White Russian general

Vladimir Alexandrovich Kislitsin (Влади́мир Алекса́ндрович Кисли́цын) (January 9, 1883 – May 18, 1944) was an officer in the Imperial Russian Army and later commanding officer of the pro-monarchist White Army in the later stages of the Russian Civil War.

== Early life ==

As a son of Admiral Alexander Kislitsin, Vladimir was educated at the Odessa Military Institution in 1900 and the Sandomir Officer Training School. He was assigned to the Special Frontier Corps on the Western border of the Russian Empire and served in the Russo-Japanese War. During the course of World War I he was an officer of the 11th Dragoon Regiment, gaining the rank of colonel in 1916. Kislitsin was awarded the Order of St. George of the Fourth Degree (1915), the Order of Saint Stanislaus (Imperial House of Romanov) of the 3rd and 2nd classes, the St. George honour weapon, and the Order of St. Anna, the 4th and 1st classes. He was repeatedly wounded, many times in the head.

== White movement ==

In 1918, he was appointed commander of the 3rd Cavalry Division of Ufa and then 3rd Cavalry Corps in the army of The Hetmanate. In 1919 Kislitsin served as a company commander in the Northern Army of Evgenii Miller. In July of the same year, Vladimir Kislitsin was appointed commander of the 2nd Brigade of the Ufa Cavalry Division under Admiral Aleksandr Kolchak. In December 1919 he was appointed commander of the 2nd Ufa Cavalry Division.

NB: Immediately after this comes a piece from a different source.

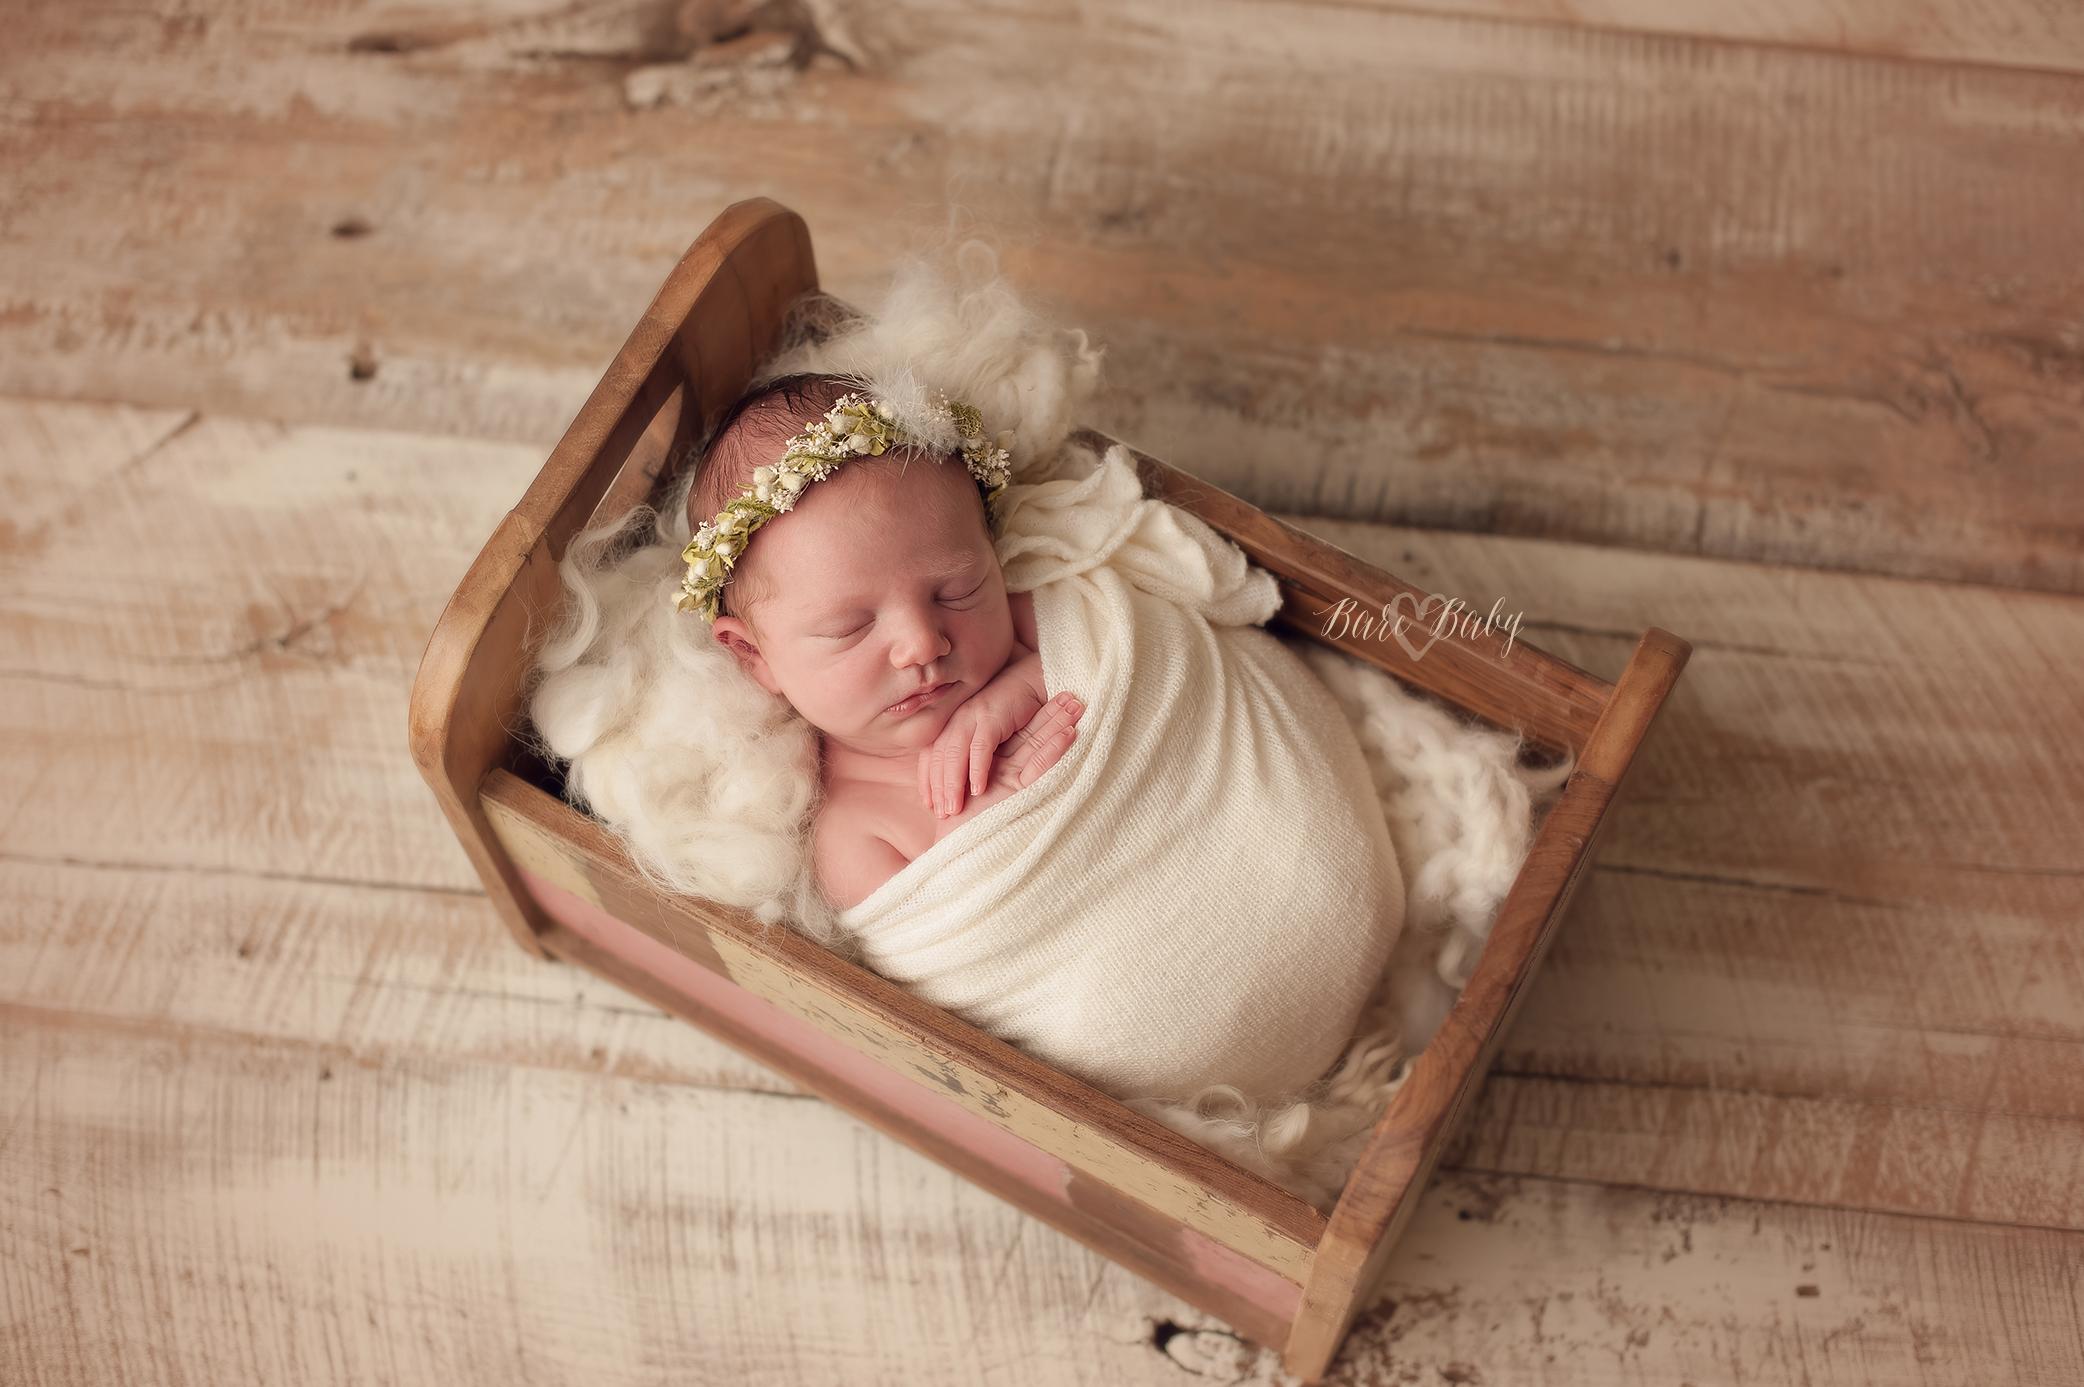 deleware-oh-newborn-photographer.jpg
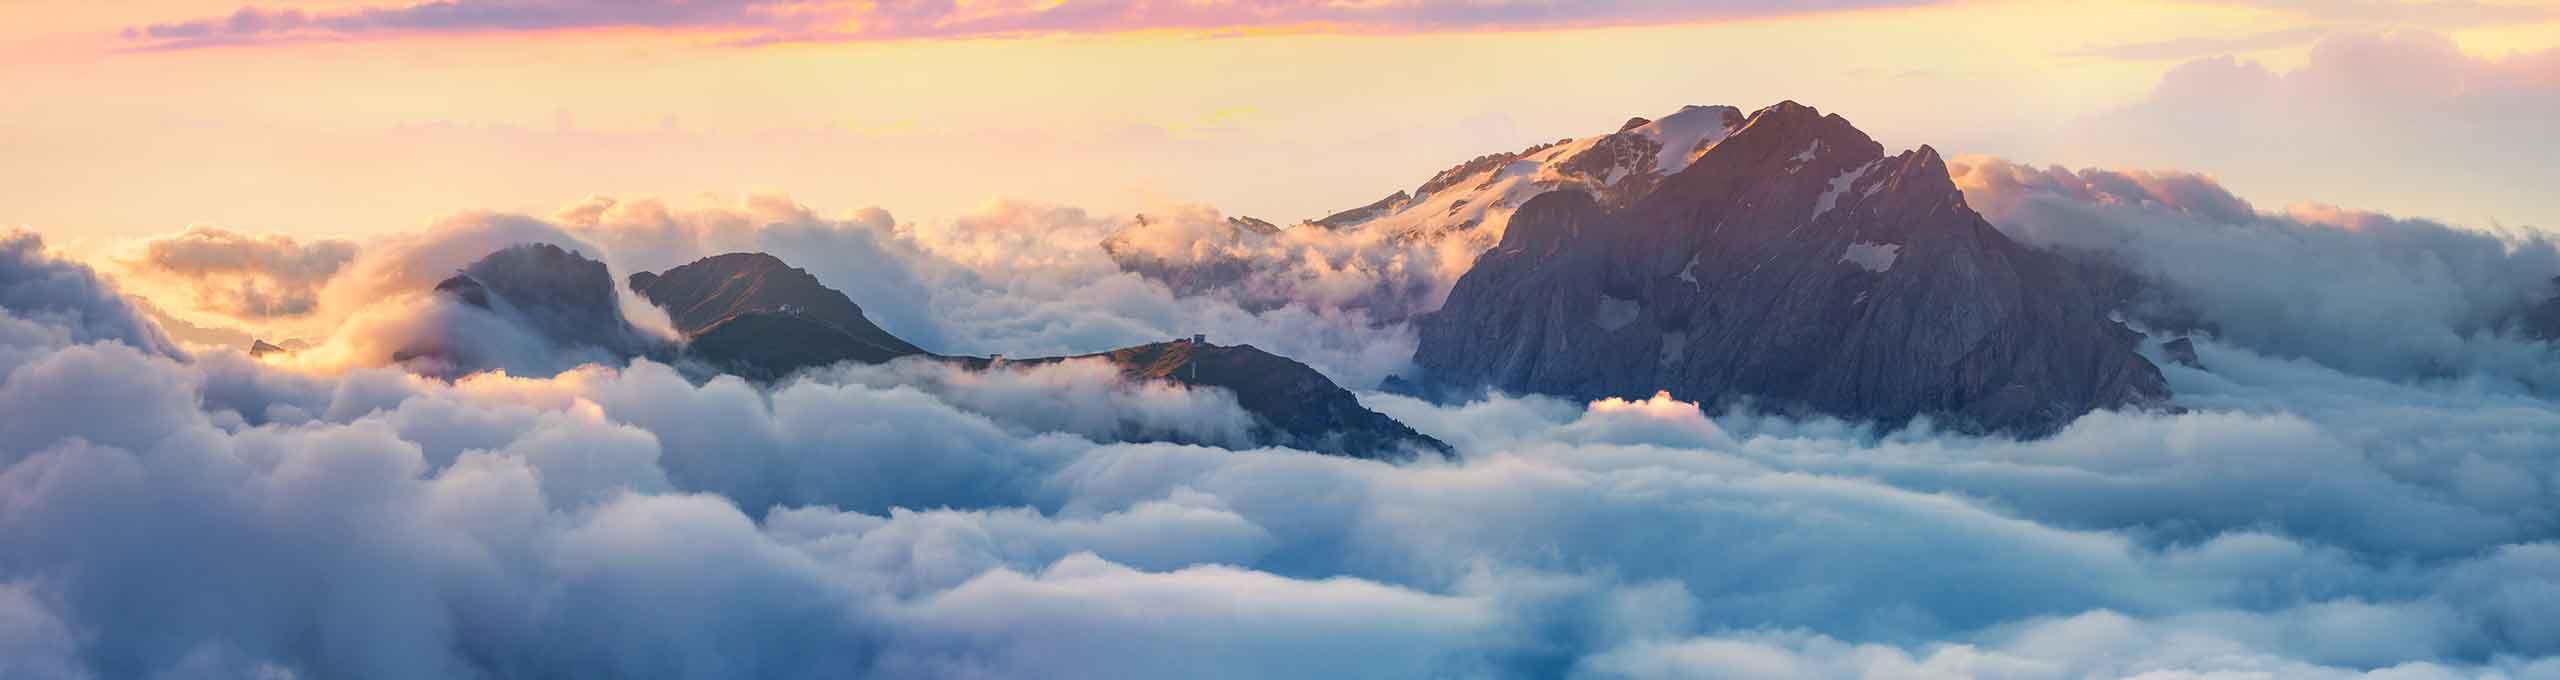 Parco Nazionale delle Dolomiti

After the defeat of Admiral Kolchak's armies in the Ural and Western Siberia, Kislitsin took part in the Great Siberian Ice march. After his arrival at Chita, Ataman Grigory Semyonov entrusted to Kislitsin's command the 1st Ataman Semyonov Manchurian Detachment until the end of the White movement in Transbaikal (1921-1922).

== White emigre ==

Vladimir Kislitsin emigrated to Harbin in November 1922, where he became a dentist, but also served in the police. In Manchuria he was a head of local "legitimists" (legitimisti, in Russian легитимисты), who supported Grand Duke Cyril Vladimirovich as a legal heir to the Russian throne. In 1928, he was promoted to full general by Grand Duke Cyril Vladimirovich. In 1936, Kislitsin's memoirs ('In the fires of the Civil War: Memoires') were published in Harbin (then a part of Manchukuo) by Nash Put publishing house. From 1938 to 1942, Kislitsin acted as a chairman of Bureau for Russian Emigrants in Manchuria (BREM), established by Japanese occupational forces.

He died in Harbin in 1944, where he was buried as well.